324.私の会社員時代、やってらんない記憶.57

営業になって、続けて思ったのは決算書についてでした。昔はそんなに厳格には販売の審査等を行なっていなかったようなのですが、段々と世の中も変わって行くと、信用枠だの稟議制度等がしっかりと運用され始め、顧客にはよく決算書をもらう様になって来ました。その為、我々もよく決算書については勉強されられました。

売上があって、仕入れや給料や店の維持等の経費があって、銀行利息とかを調整して、利益が出る一連の数字がこの決算書には出ているのです。また今までの蓄積もこれに書いてあり、これに基づき、顧客の信用枠を決めたり、本部の稟議書を書いたりするのです。そこで私が気になったのが、結構赤字の会社があった事でした。赤字って事は、お金が足りないという事です。そしてある日、何とある顧客にその事を聞いてみたのです。単刀直入に、赤字なのにどうやって食べてるのですか?、と。するとその顧客は、アッケラカンと私に言ったのです。「そんな物、正確に出す奴なんかいるか。税金取られるだけだ」と言ったのです。当時はまだ昭和の時代、まだまだアナログでしたし、主に現金払いで商売をしていた時代です。こんな事はザラにあったのです。

実際に、売上を載せていないなんていうのはザラで、アパートを持っているのに収入を載せていないとか、架空の従業員に給与を払っていたりなんて言うのもありました。またハンコをたくさん持っていて、勝手に領収書を作って経費にしている顧客もたくさんいたのです。結局、当時の決算書なんていうのは、上場企業でもなければ、結構いい加減な物だったのです。私はそれを、うちの実家もそうなのかな〜と、興味深く見ていました。

そんなある日、店で顧客の信用枠を作る話になりました。この顧客はいつも多少の赤字を出しているので、店のウケもあまり良くないのでした。私は顧客に頼まれた数字を希望枠として申請したのです。すると事務から、待ったの判断が出ます。決算書の数字から見るとこの販売枠は大きすぎるとの事でした。それについては例の如く、それは昨年の数字で今年は更に売上がアップするそうです、などとのらりくらり反論していると、この顧客はいつもそうだ、みたいな事を言う事務がいたのです。決算書の売上と弊社の仕入れを見ると、売上が少ないので赤字になると分析していたのです。要は安売りし過ぎとの判断でした。そして事務の結論は信用枠の減額です。

私はそれに対して、常識外れな事を言って反論しました。我が闘争の始まりです。「そもそもこの決算書って、本当の数字なのですかね〜」。すると一瞬、皆は、何言ってんだ?という顔になりました。事務は、それでは粉飾決算では無いかと言い始めます。私は、粉飾は利益を水増しする事が主な目的であり、この場合は単に売上を抜いている可能性があり、逆に悪く見せているのでは、と言ったのです。続けて、考えてみればこの顧客、毎年赤字なのになぜ食べて行けるのか。現場に行けば直ぐに分かります。そんな厳格な数字を出している経営者なんていませんよ、と私は言ったのです。どこかに隠している収入があるのか、または売上を少なくしていると思いませんか?と、突っ込みました。

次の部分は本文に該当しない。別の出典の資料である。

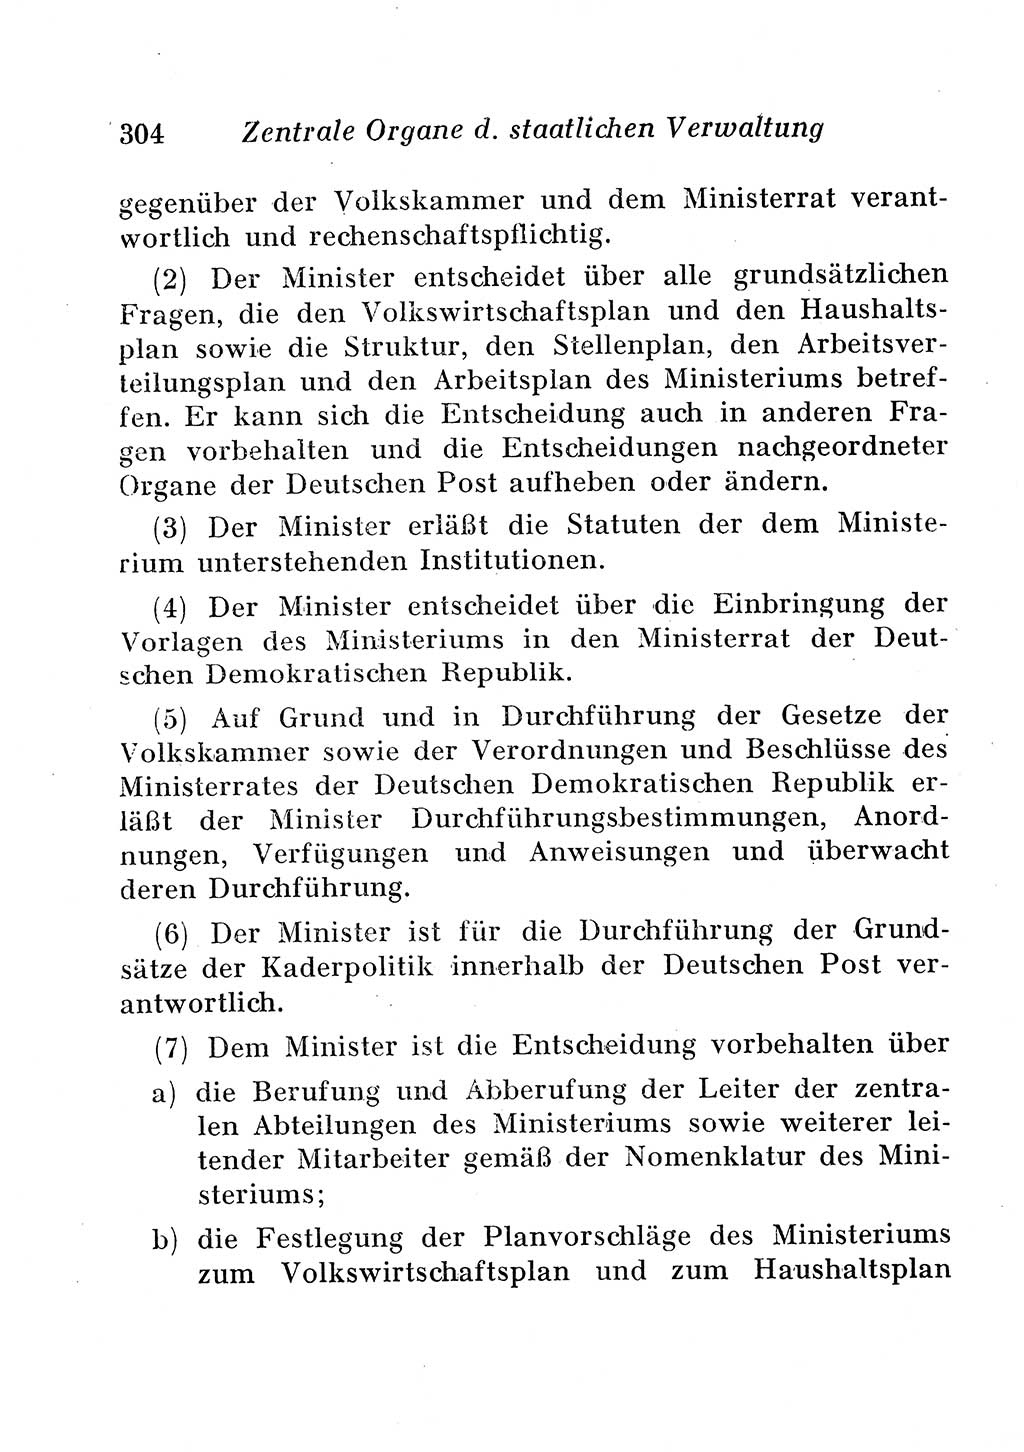 Staats- und verwaltungsrechtliche Gesetze der Deutschen Demokratischen Republik (DDR) 1958, Seite 304 (StVerwR Ges. DDR 1958, S. 304)
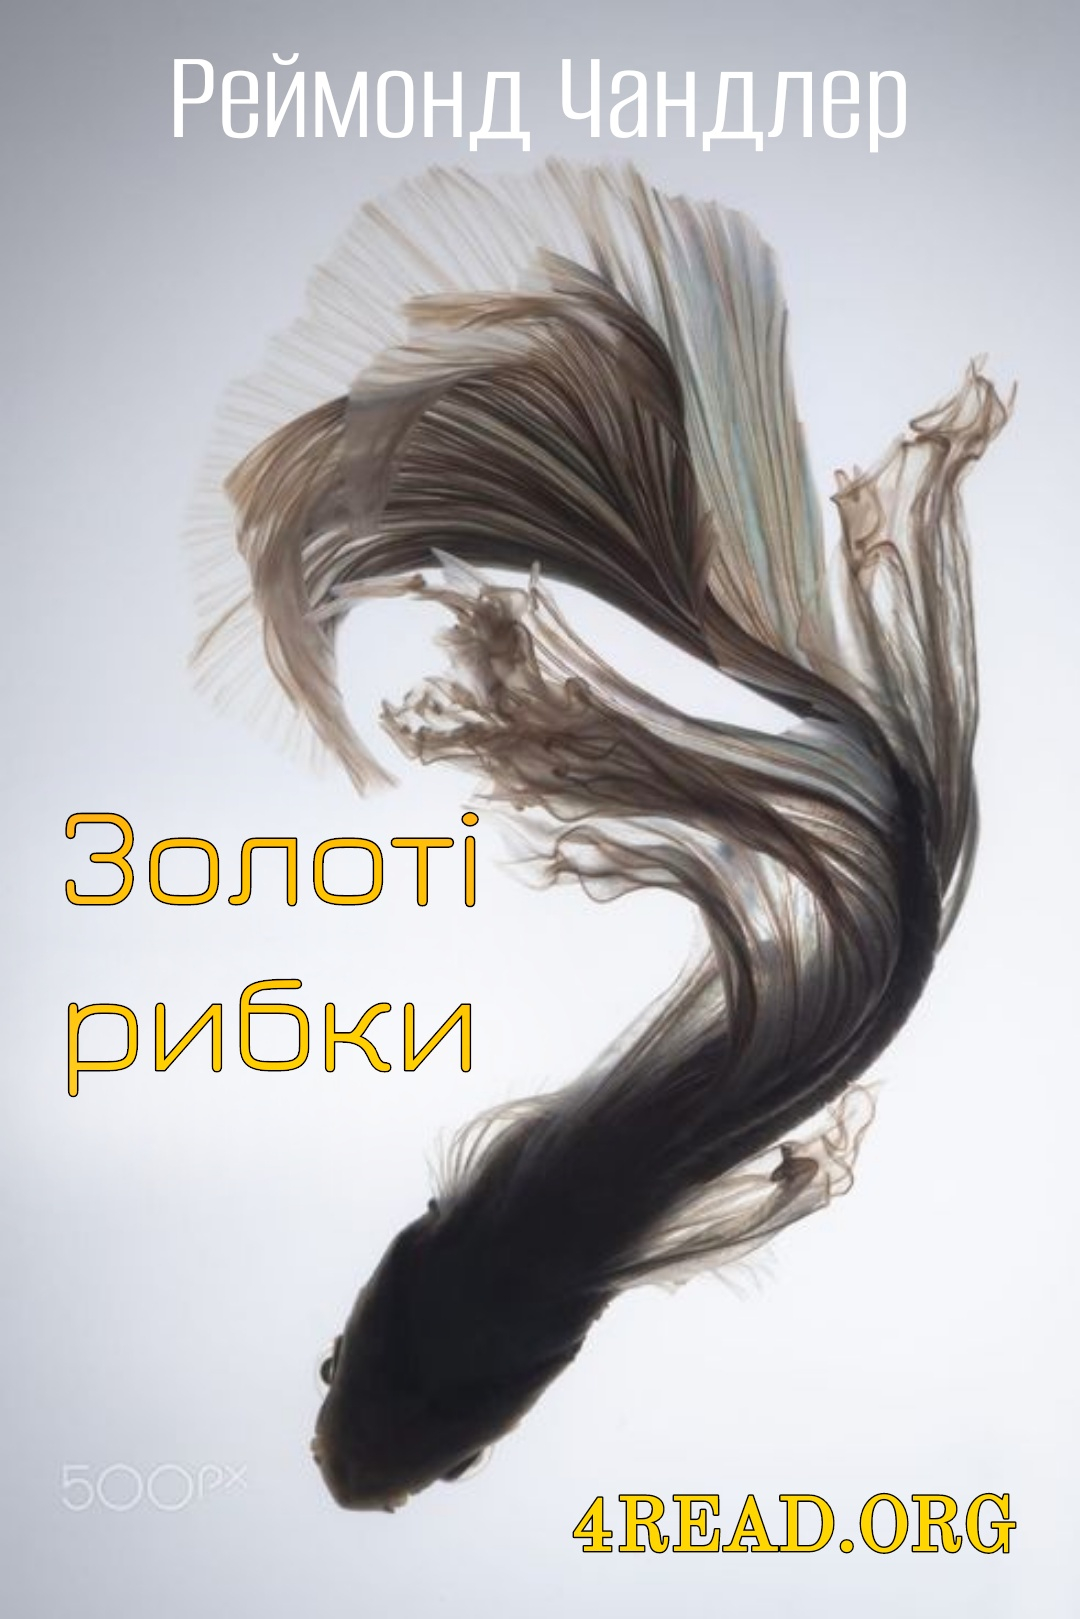 Золоті рибки - Реймонд Чандлер - Слухати Книги Українською Онлайн Безкоштовно 📘 Knigi-Audio.com/uk/

事務はそれは一大事と大騒ぎをし出しますが、それがこの当時の現実だったのです。なので、よく税務署から税務調査が入り、追徴課税させられていたのです。この辺りは、映画の「マルサの女」を見るとよく分かります。私もこの映画は封切りと同時に見に行き、随分と影響を受けた映画で、後輩達にもぜひ見るように勧めていました。机上で論ずるよりも、実際の動きを確かめて色々と判断すべきではないかと、この闘争は私は引きませんでした。

結局、この稟議は、補足の意見書を私が書く事により決裁となりました(もちろん、そのまま書いた訳ではありません😅)。特にこの事を顧客には伝えませんでした。それよりも、こう言った顧客には、今後の経営計画や設備計画をよく聞き、弊社で言えば何か大きい仕入れがある時や、金融機関で言えば何かお金を借りるような場合は、それなりの売上なり利益なりをちゃんと決算で申告しておく必要がある事をアドバイスしていました。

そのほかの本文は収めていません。